Description of the task - Keep every word of the listing and reproduce it exactly, but set aside any image found there.

Data -
+===+

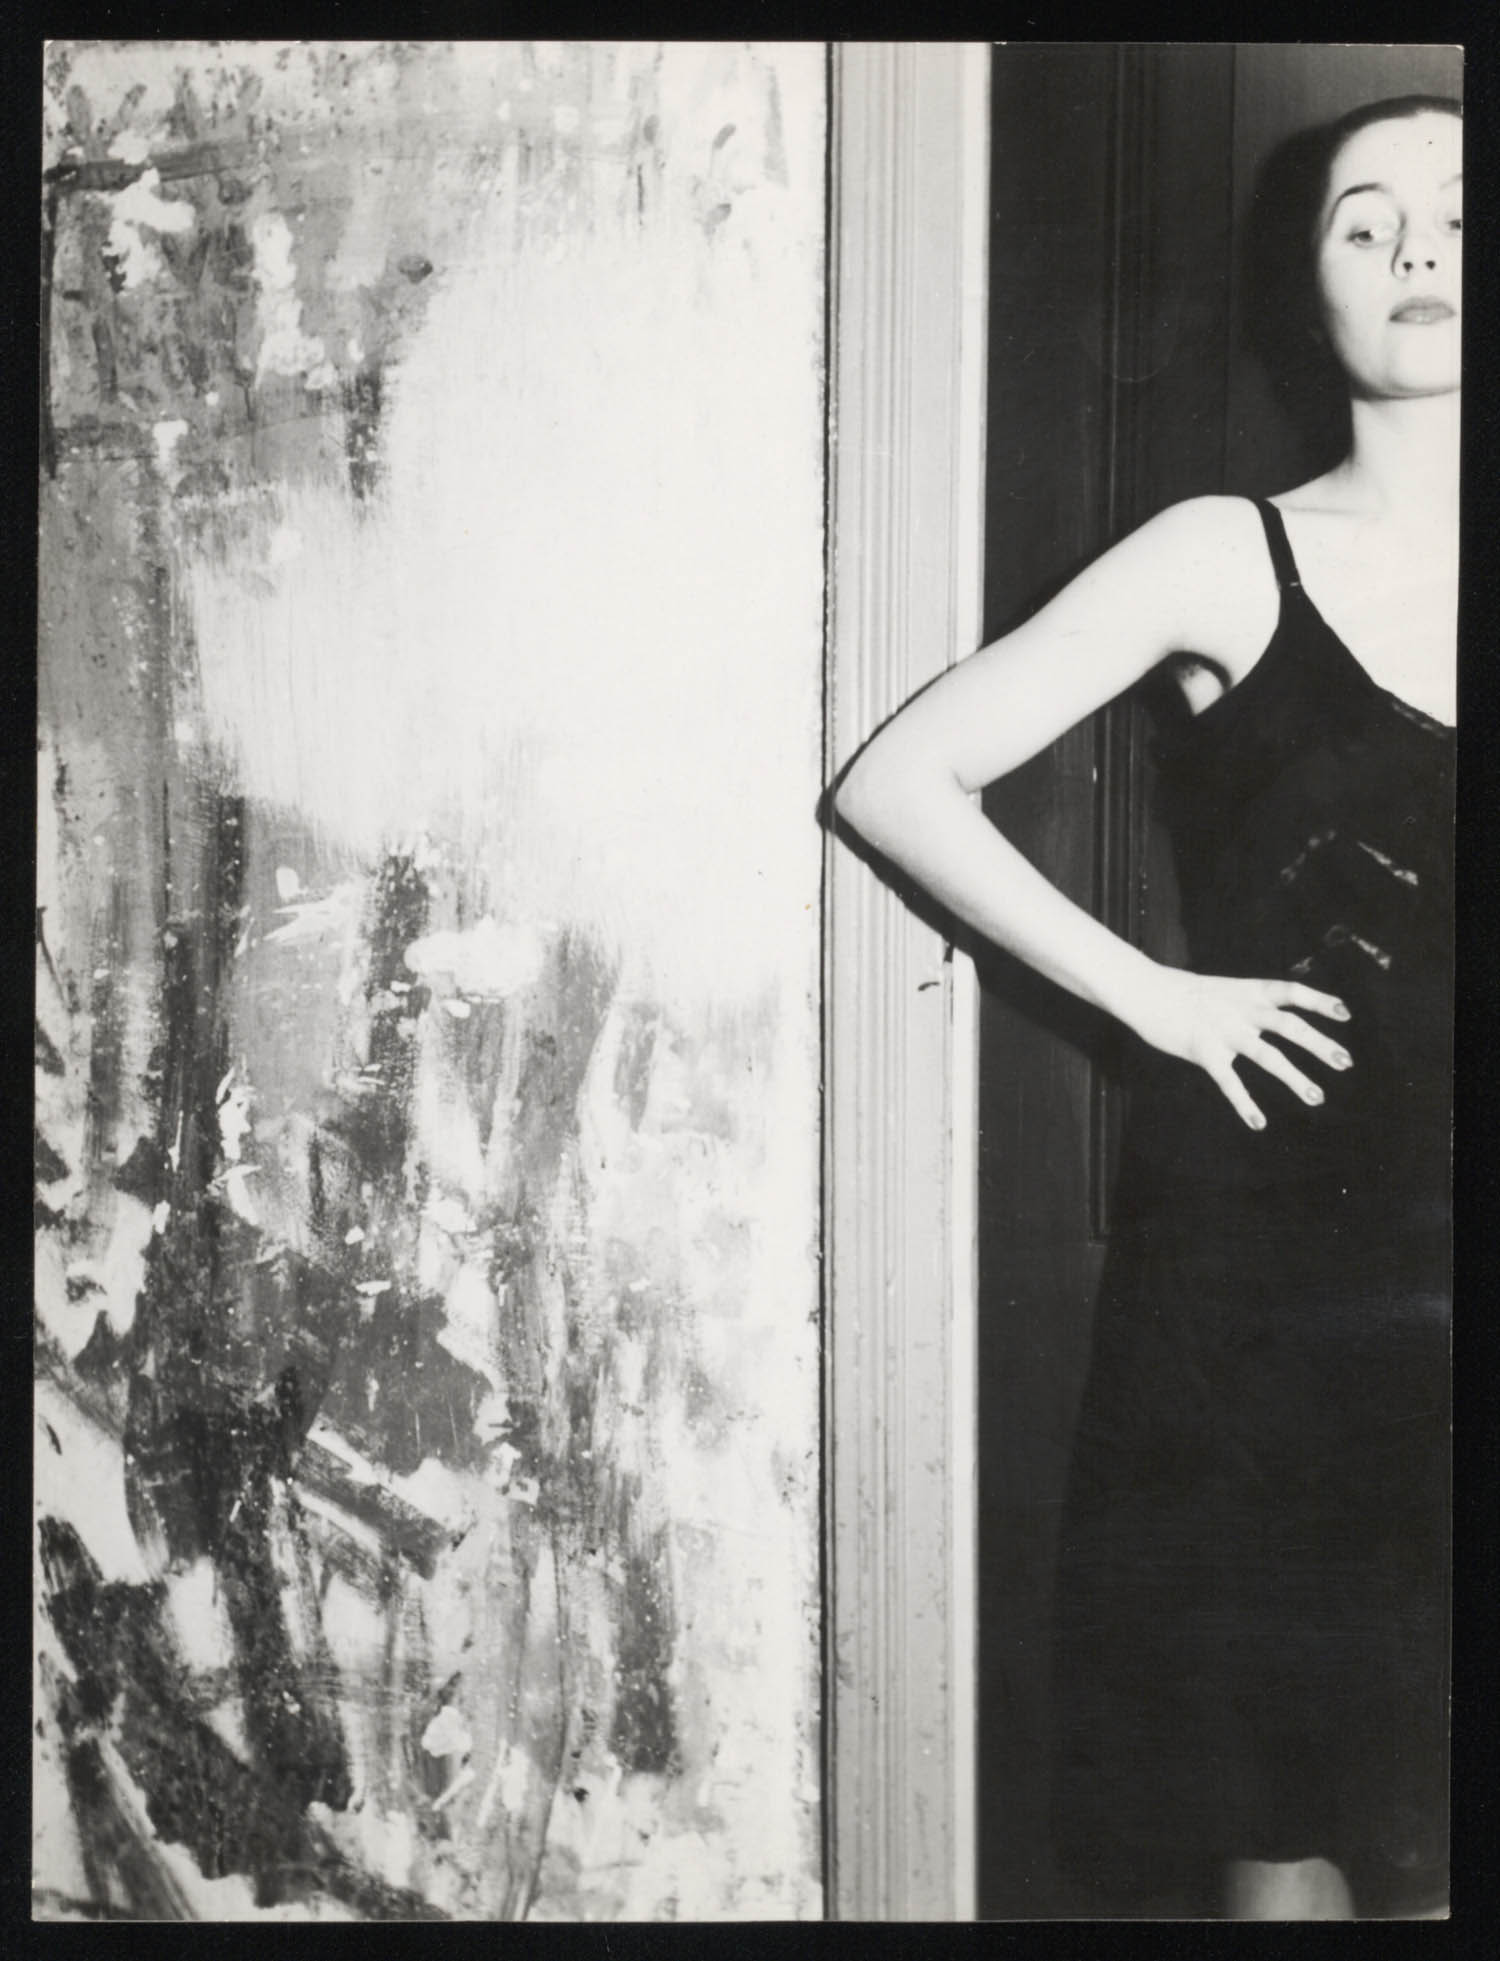 Wally Elenbaas- Doris , 1953
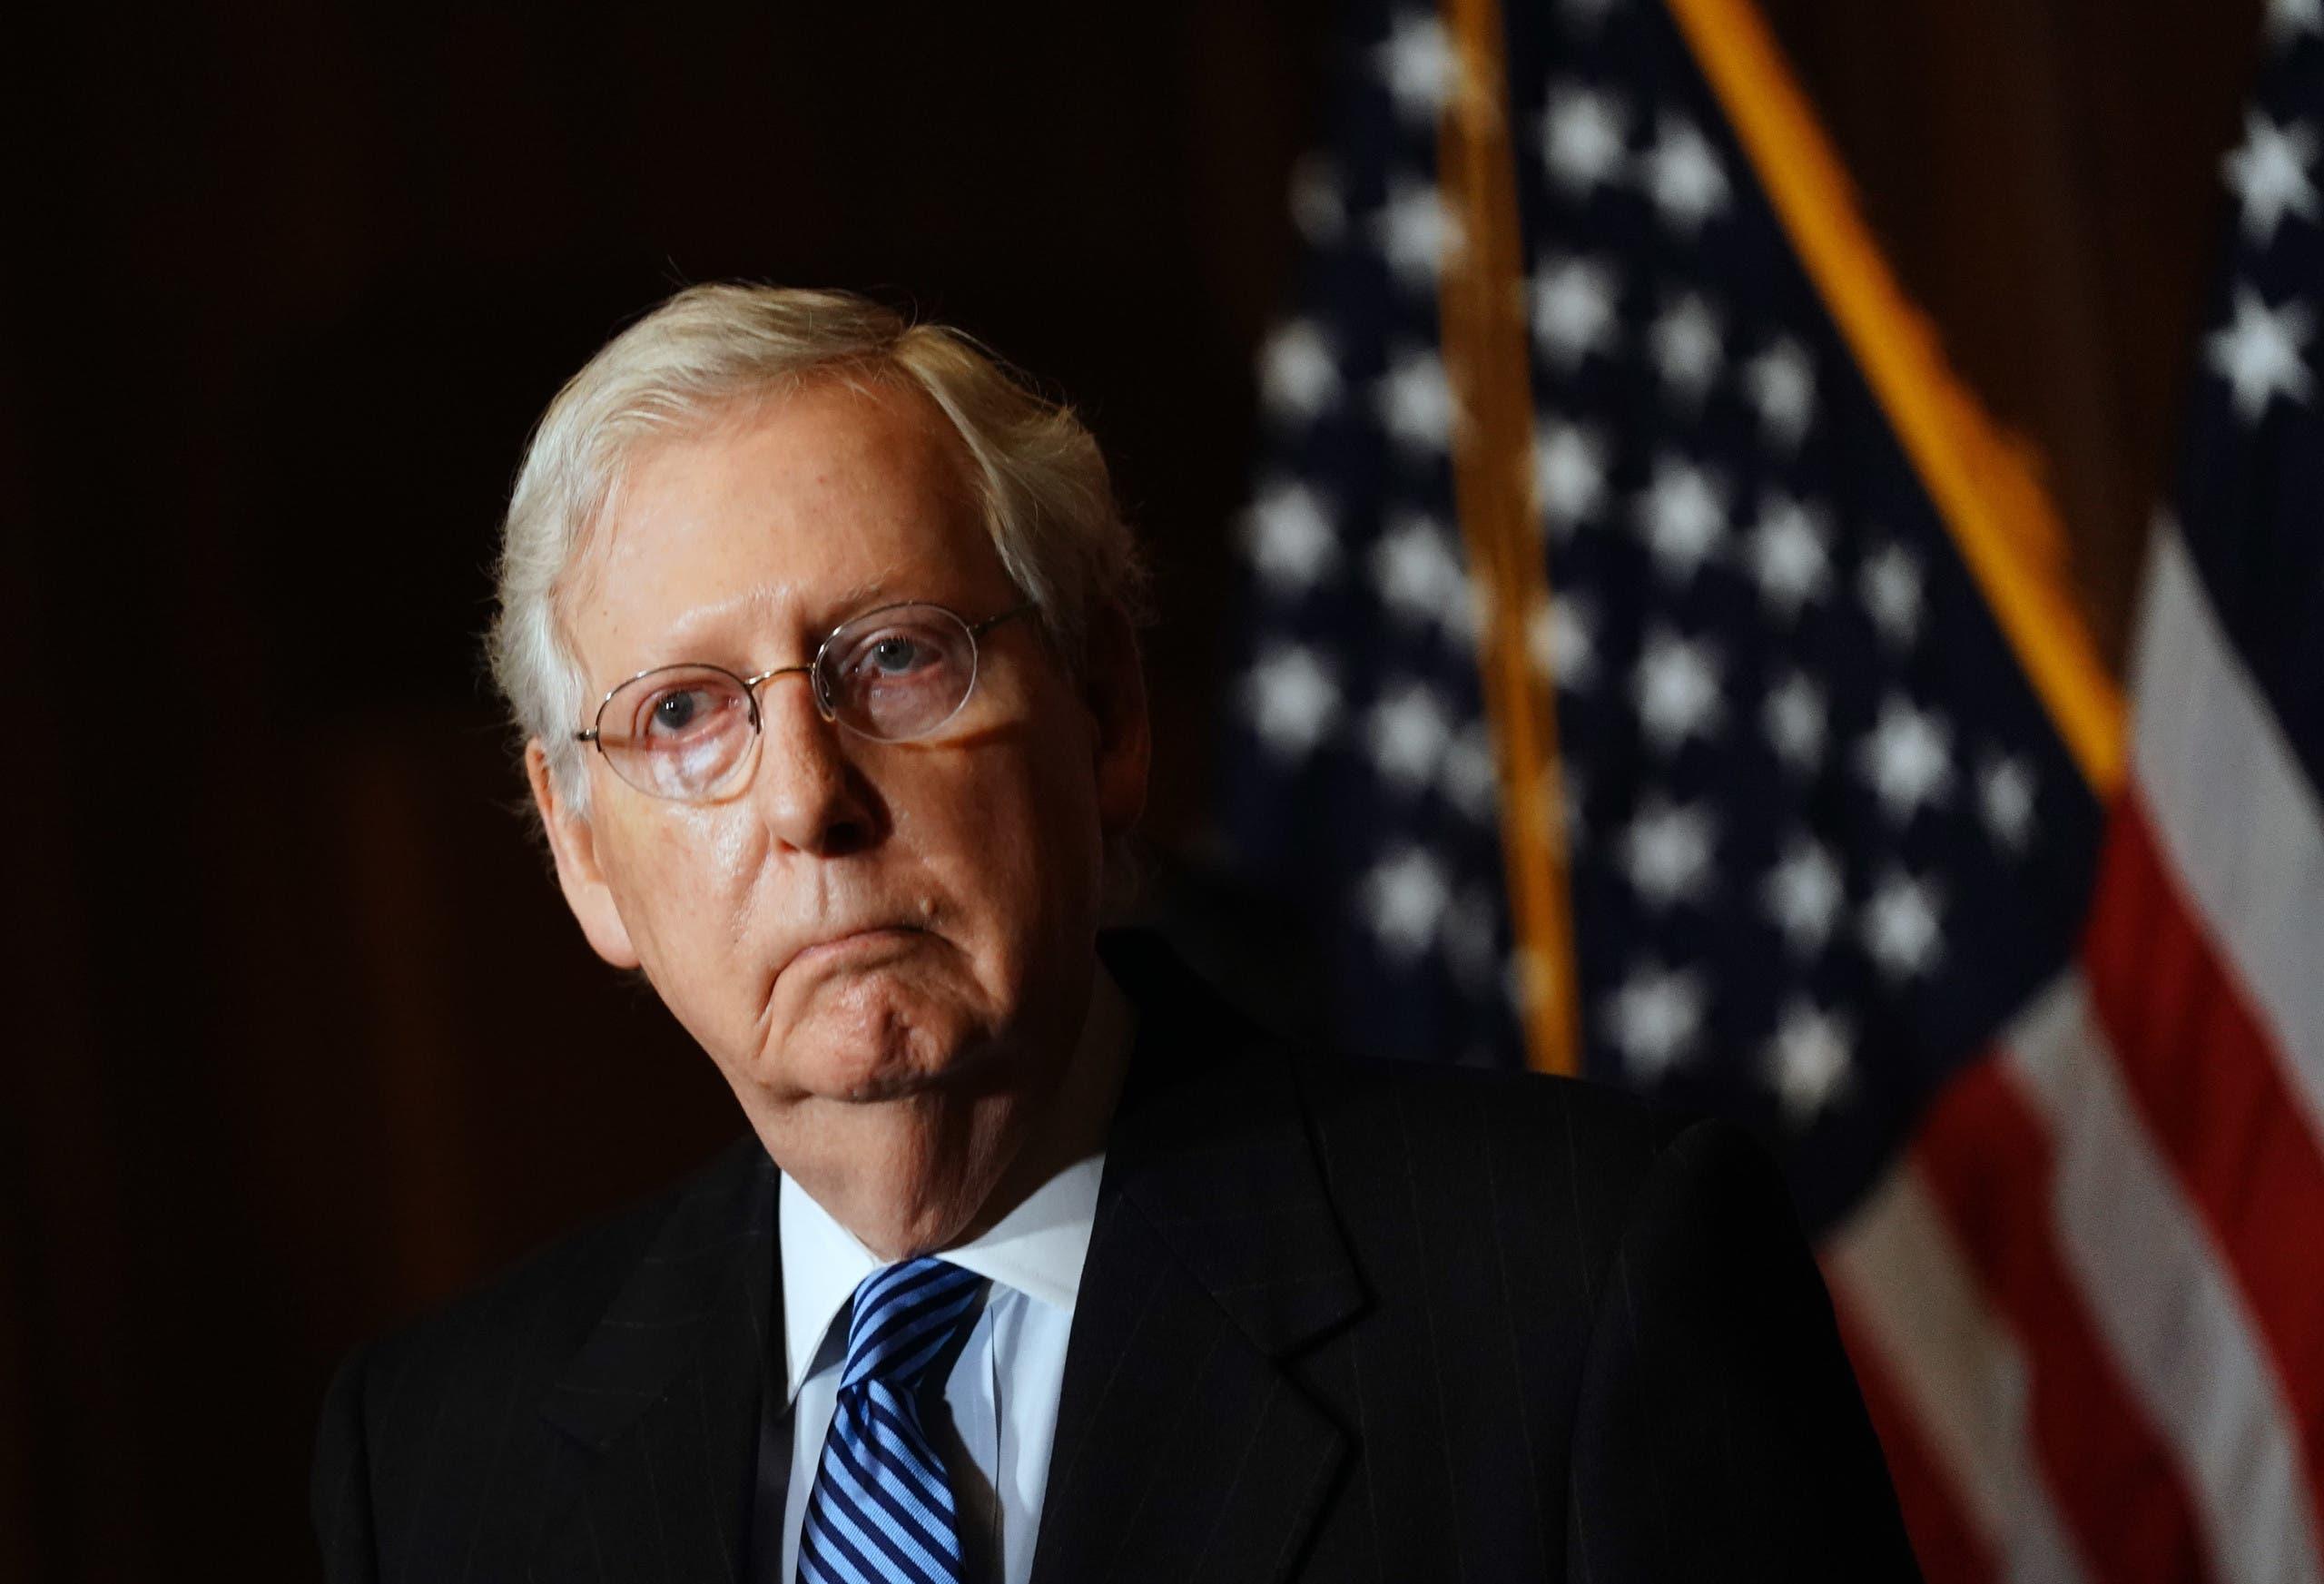 میچ مک کانل رهبر اکثریت مجلس سنا
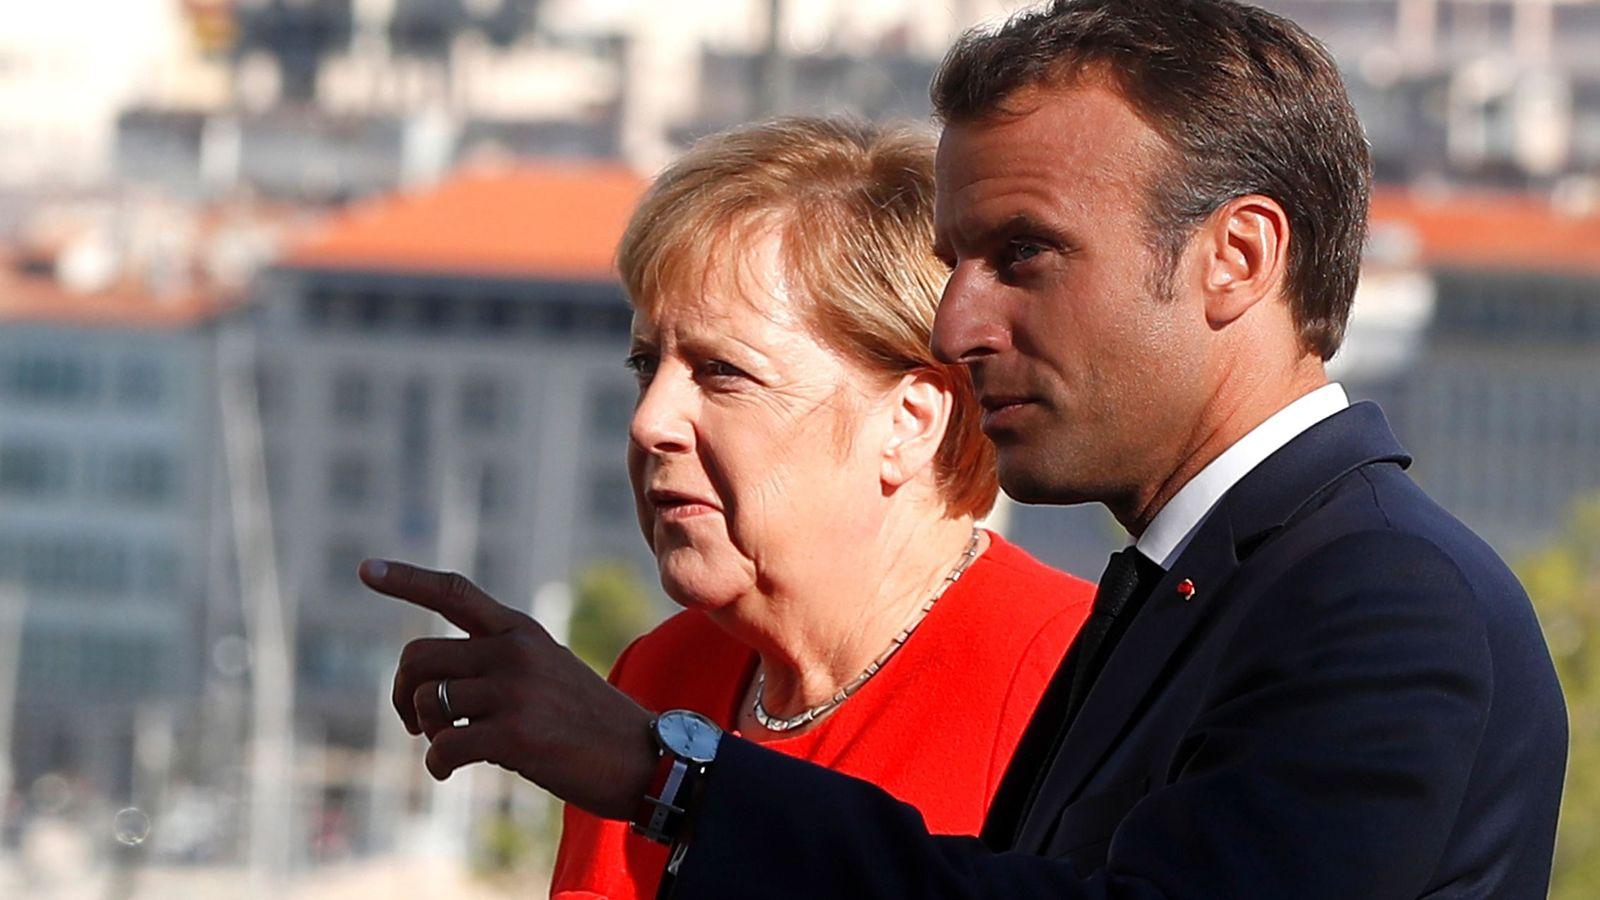 Foto: El presidente de Francia, Emmanuel Macron, recibe a la canciller alemana, Angela Merkel a su llegada al palacio Pharo en Marsella. (EFE)

+===+

Output for this task -
 Wally Elenbaas- Doris , 1953
 میچ مک کانل رهبر اکثریت مجلس سنا
 Foto: El presidente de Francia, Emmanuel Macron, recibe a la canciller alemana, Angela Merkel a su llegada al palacio Pharo en Marsella. (EFE)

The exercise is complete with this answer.